**Task to carry out**
Only the lines from the one with "Product Image 1" to the end of the data, both ends included, should be output, exactly as they stand and without pictures.

**Dataset section**
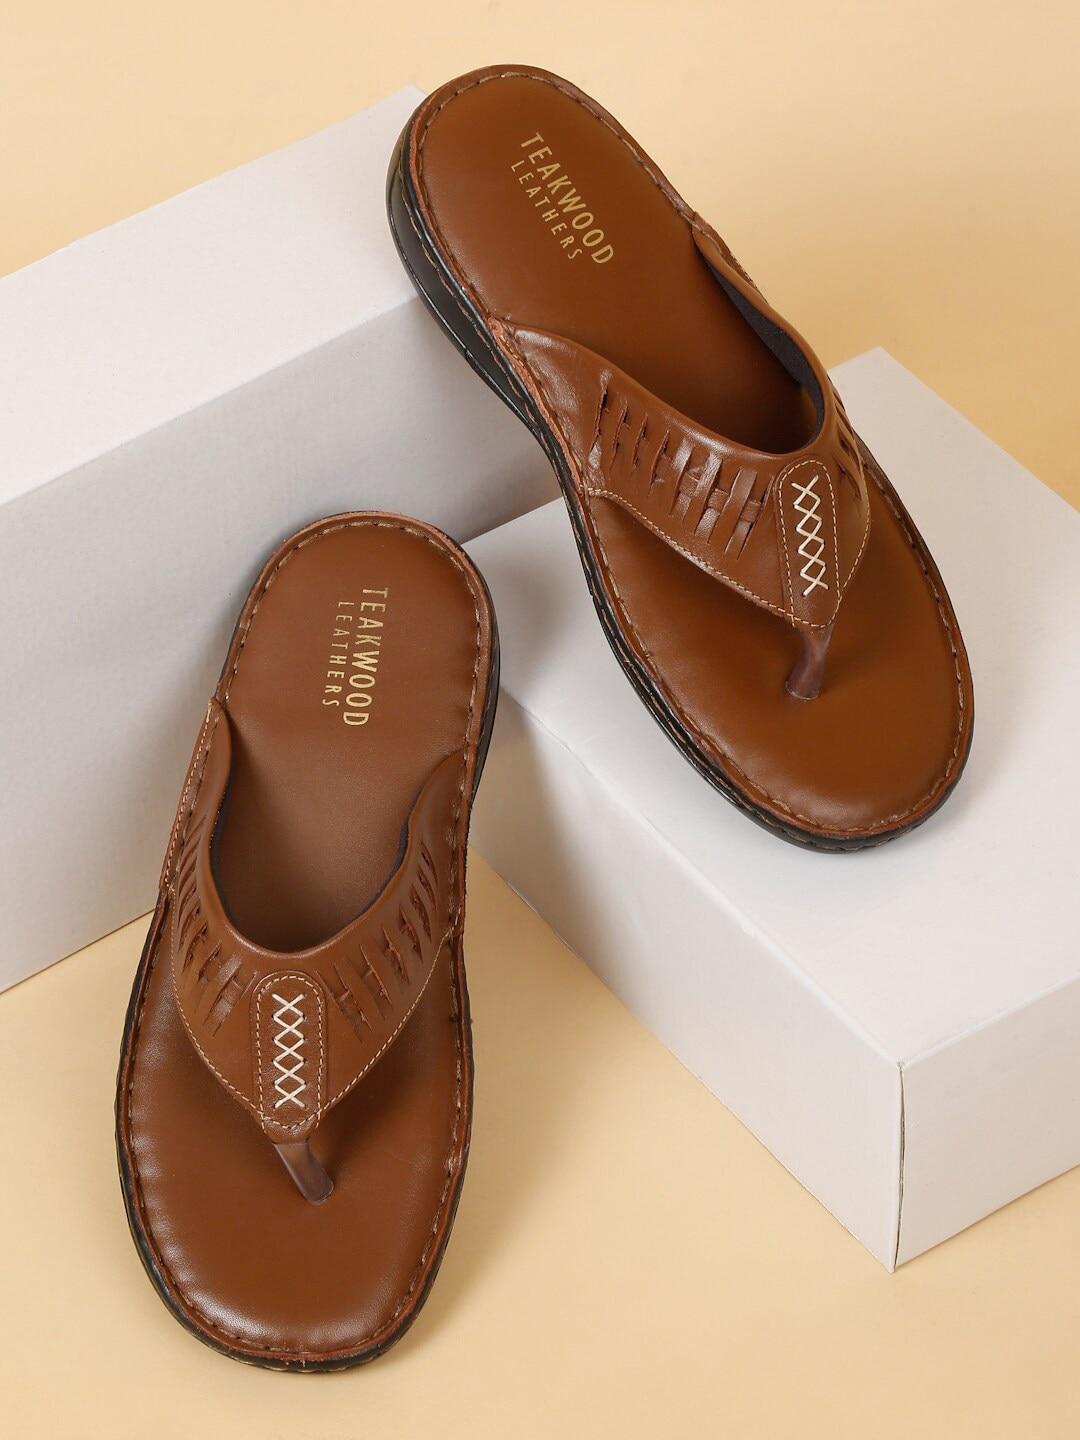 teakwood leathers men textured leather comfort sandals
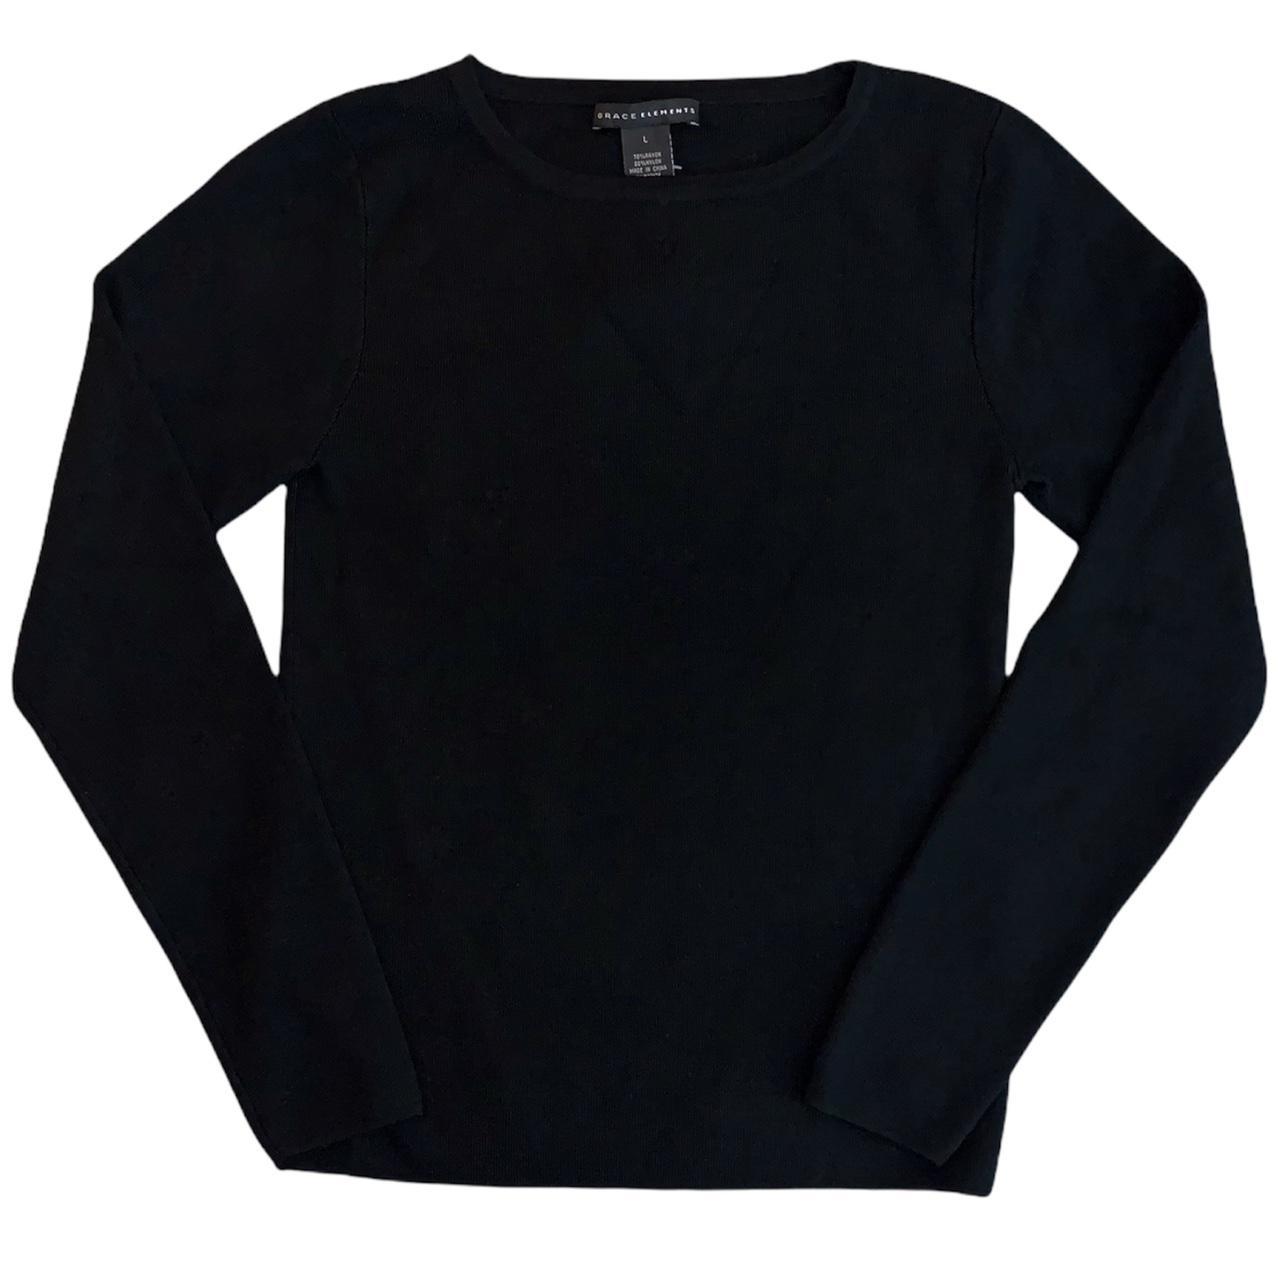 Product Image 1 - Basic Black Sweater size large
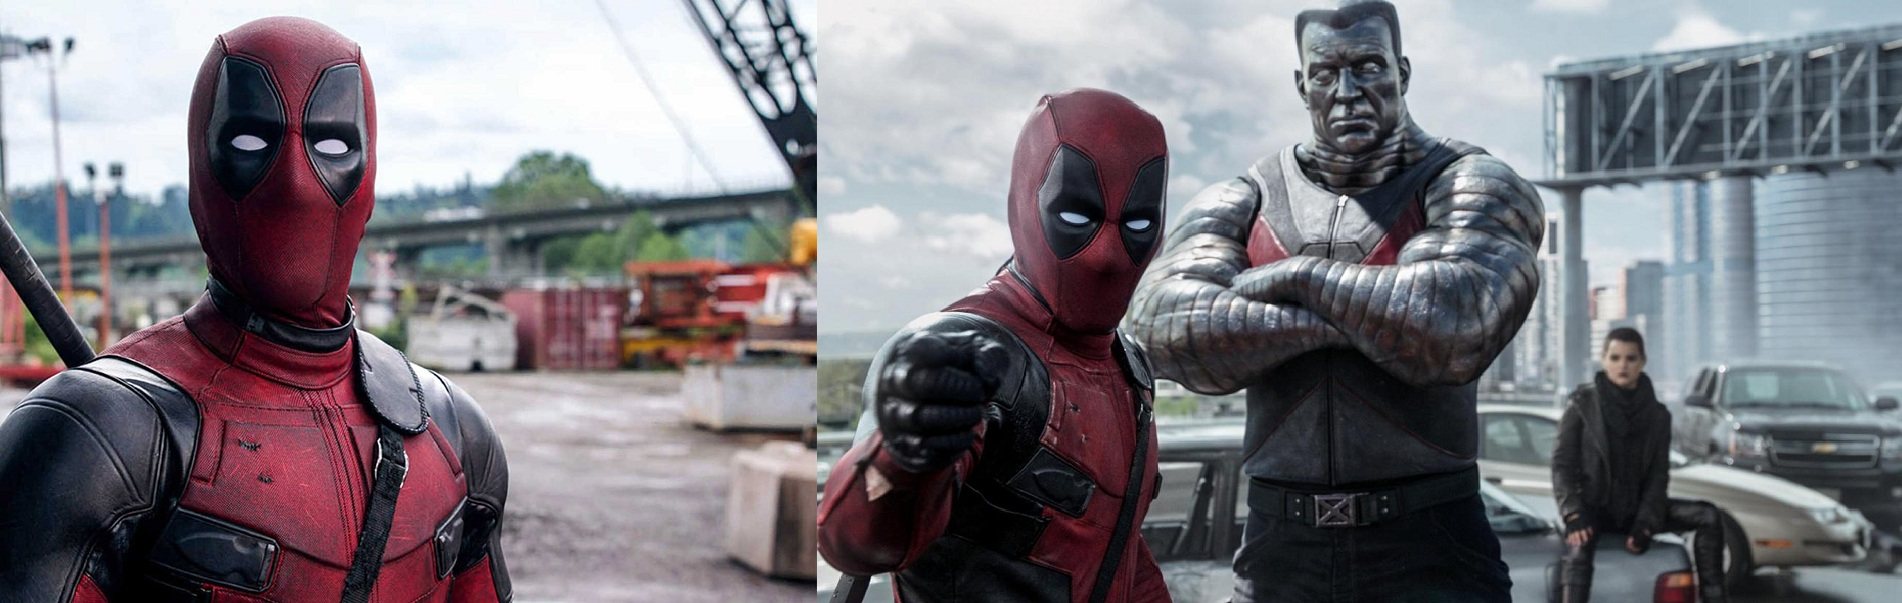 Deadpool 2 movie review: Ryan Reynolds, Ranvir singh voices the anti hero

**Exercise output**
 Product Image 1 - Basic Black Sweater size large
 Deadpool 2 movie review: Ryan Reynolds, Ranvir singh voices the anti hero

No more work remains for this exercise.